> [The task] Where the data below contains pictures, omit them; output the rest word for word.
[[ Data below open ]]
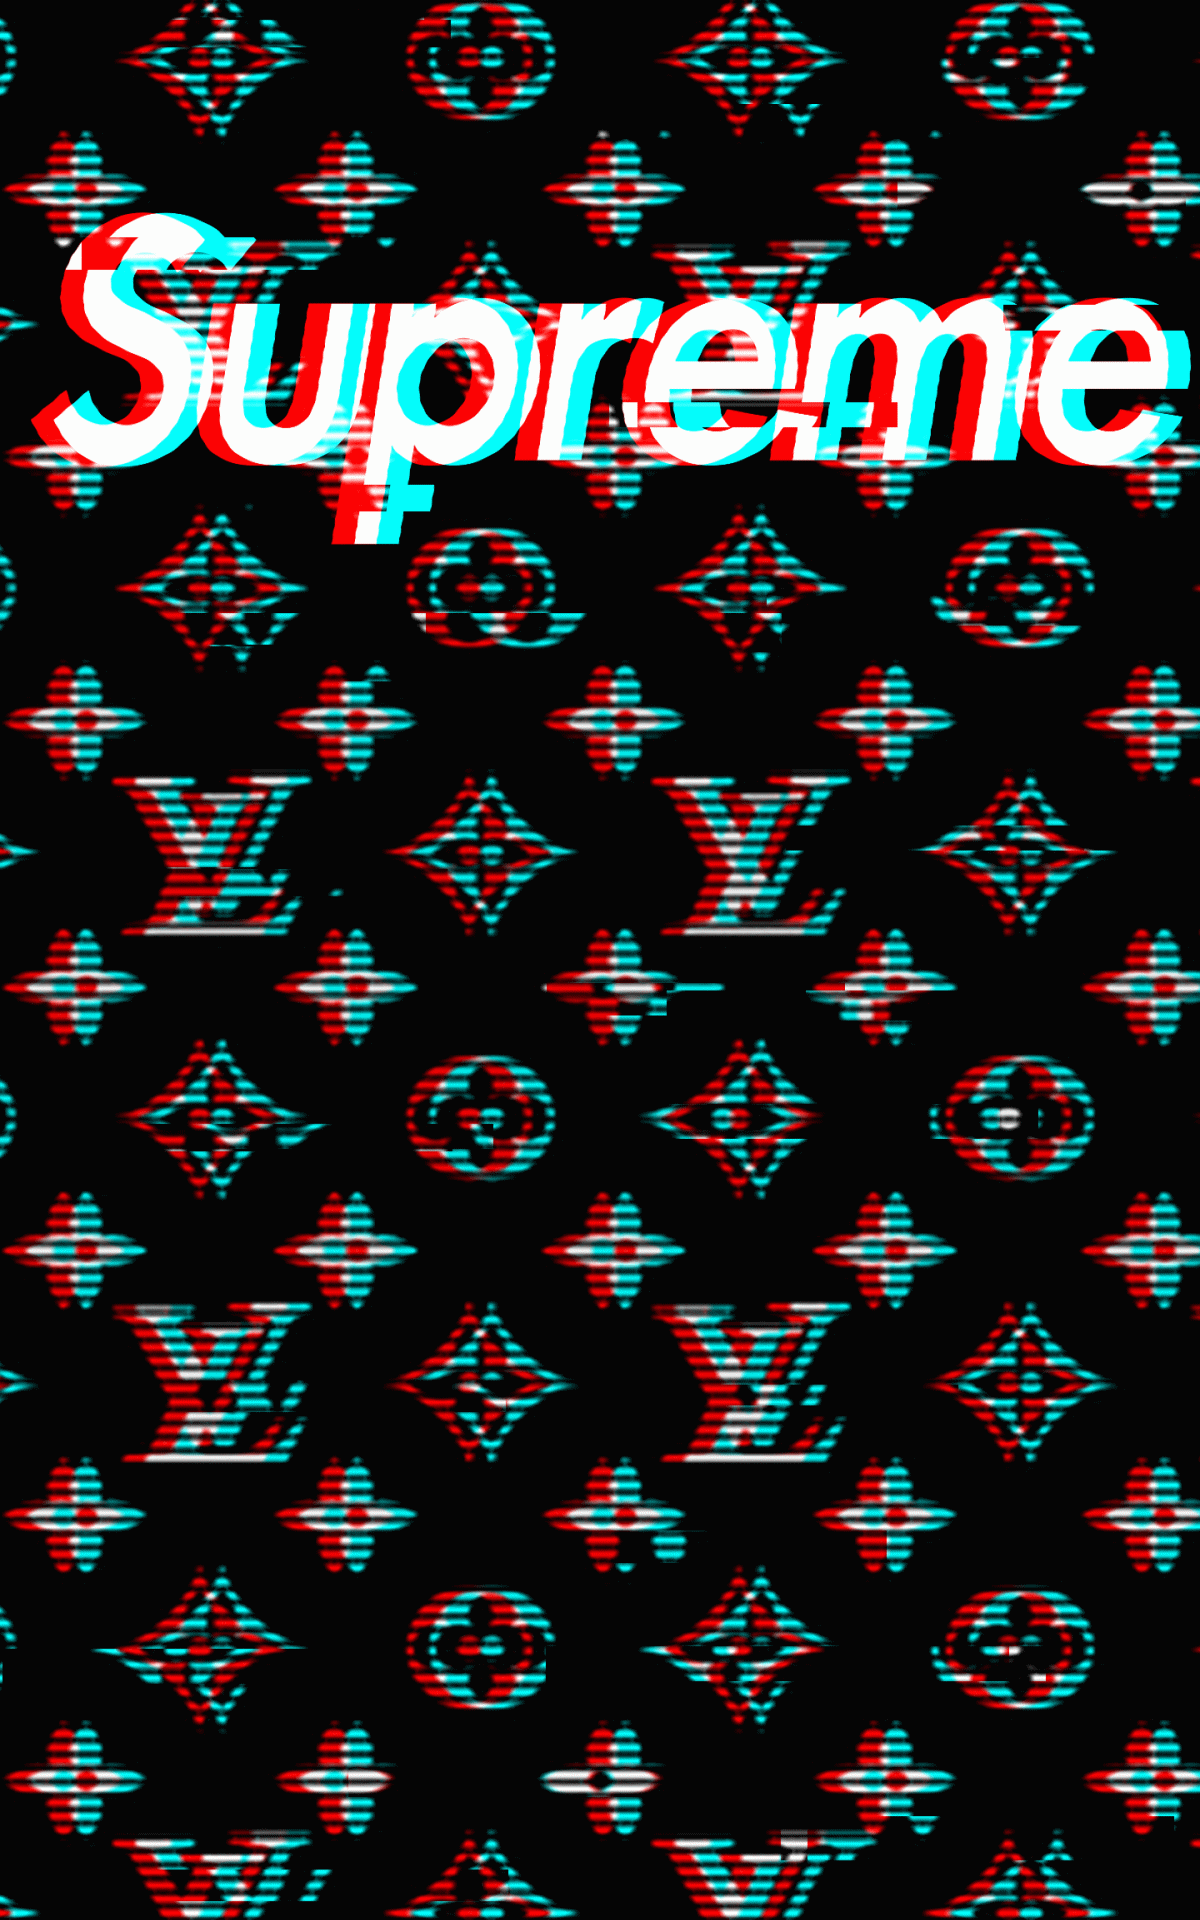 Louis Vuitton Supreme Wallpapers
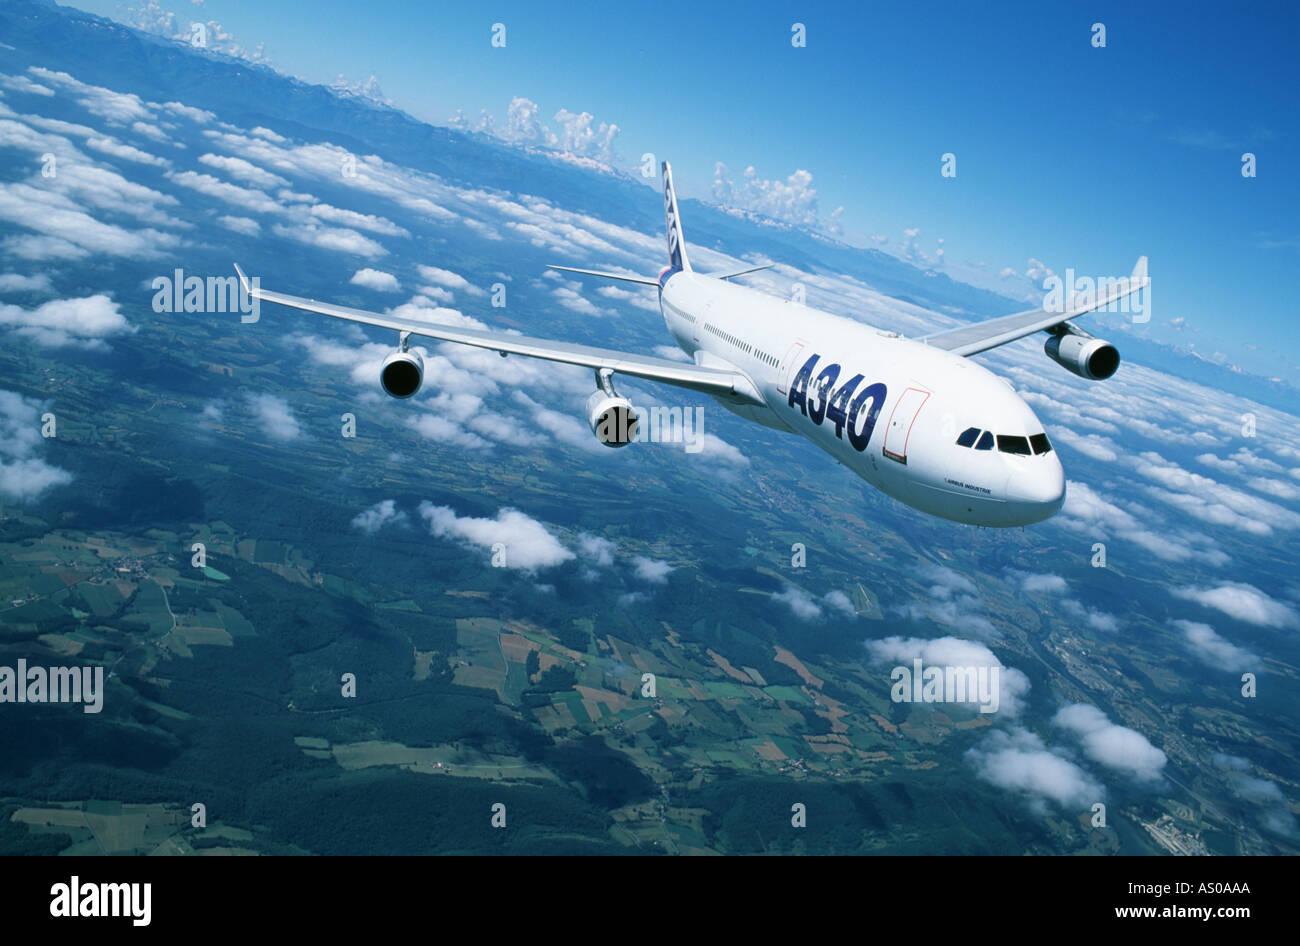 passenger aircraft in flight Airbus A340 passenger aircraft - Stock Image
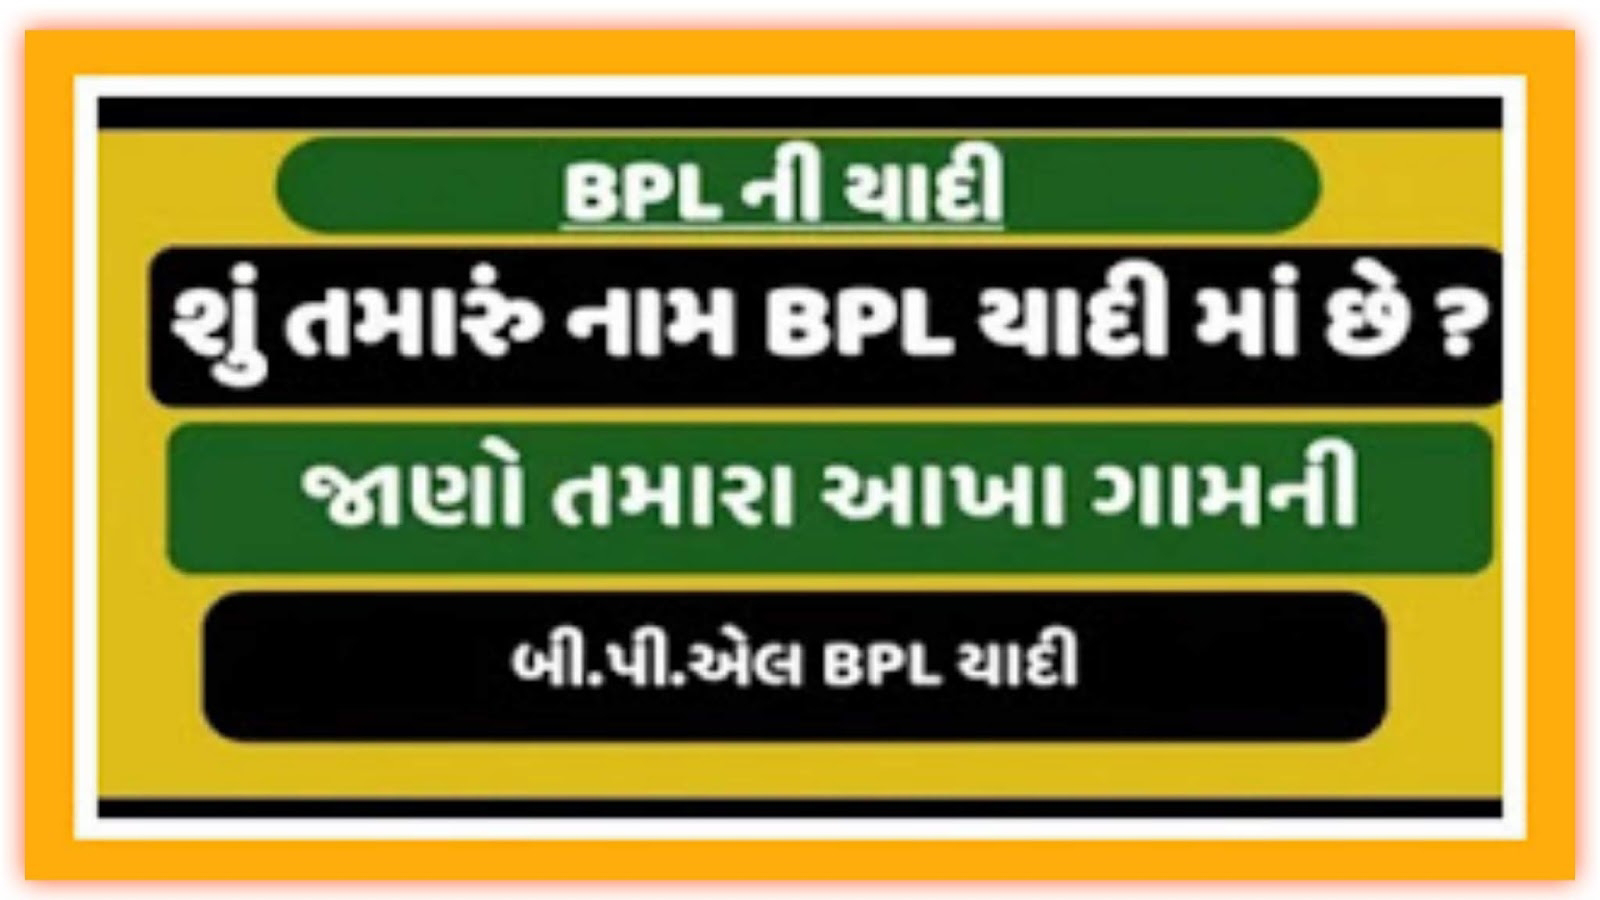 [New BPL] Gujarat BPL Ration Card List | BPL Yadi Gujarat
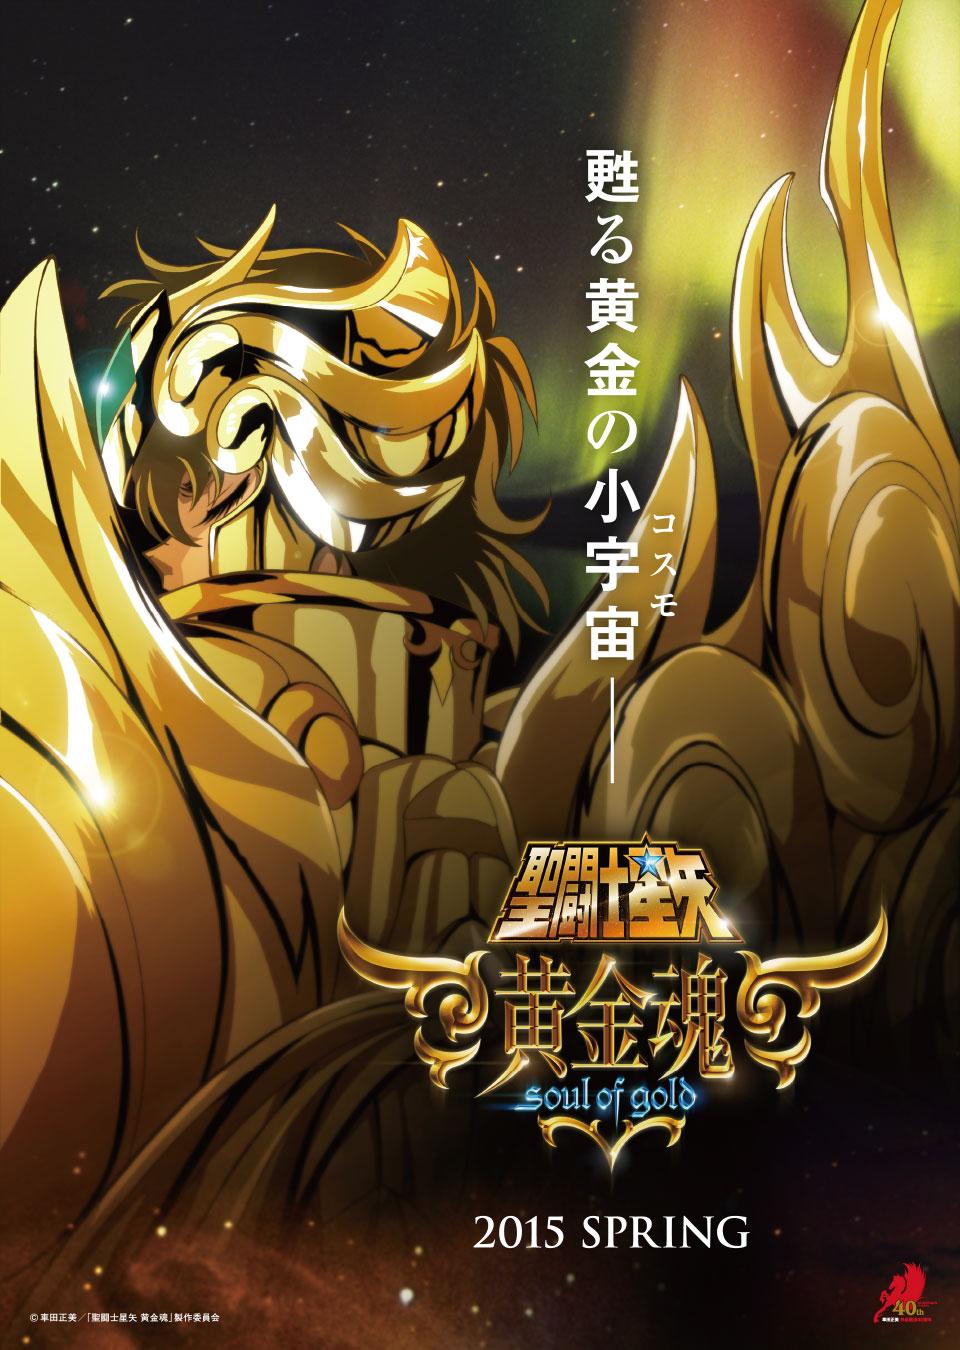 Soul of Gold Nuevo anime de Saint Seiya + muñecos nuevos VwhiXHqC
[[ Data below closed ]]
> [Response to this exercise]
 Louis Vuitton Supreme Wallpapers
 passenger aircraft in flight Airbus A340 passenger aircraft - Stock Image
 [New BPL] Gujarat BPL Ration Card List | BPL Yadi Gujarat
 Soul of Gold Nuevo anime de Saint Seiya + muñecos nuevos VwhiXHqC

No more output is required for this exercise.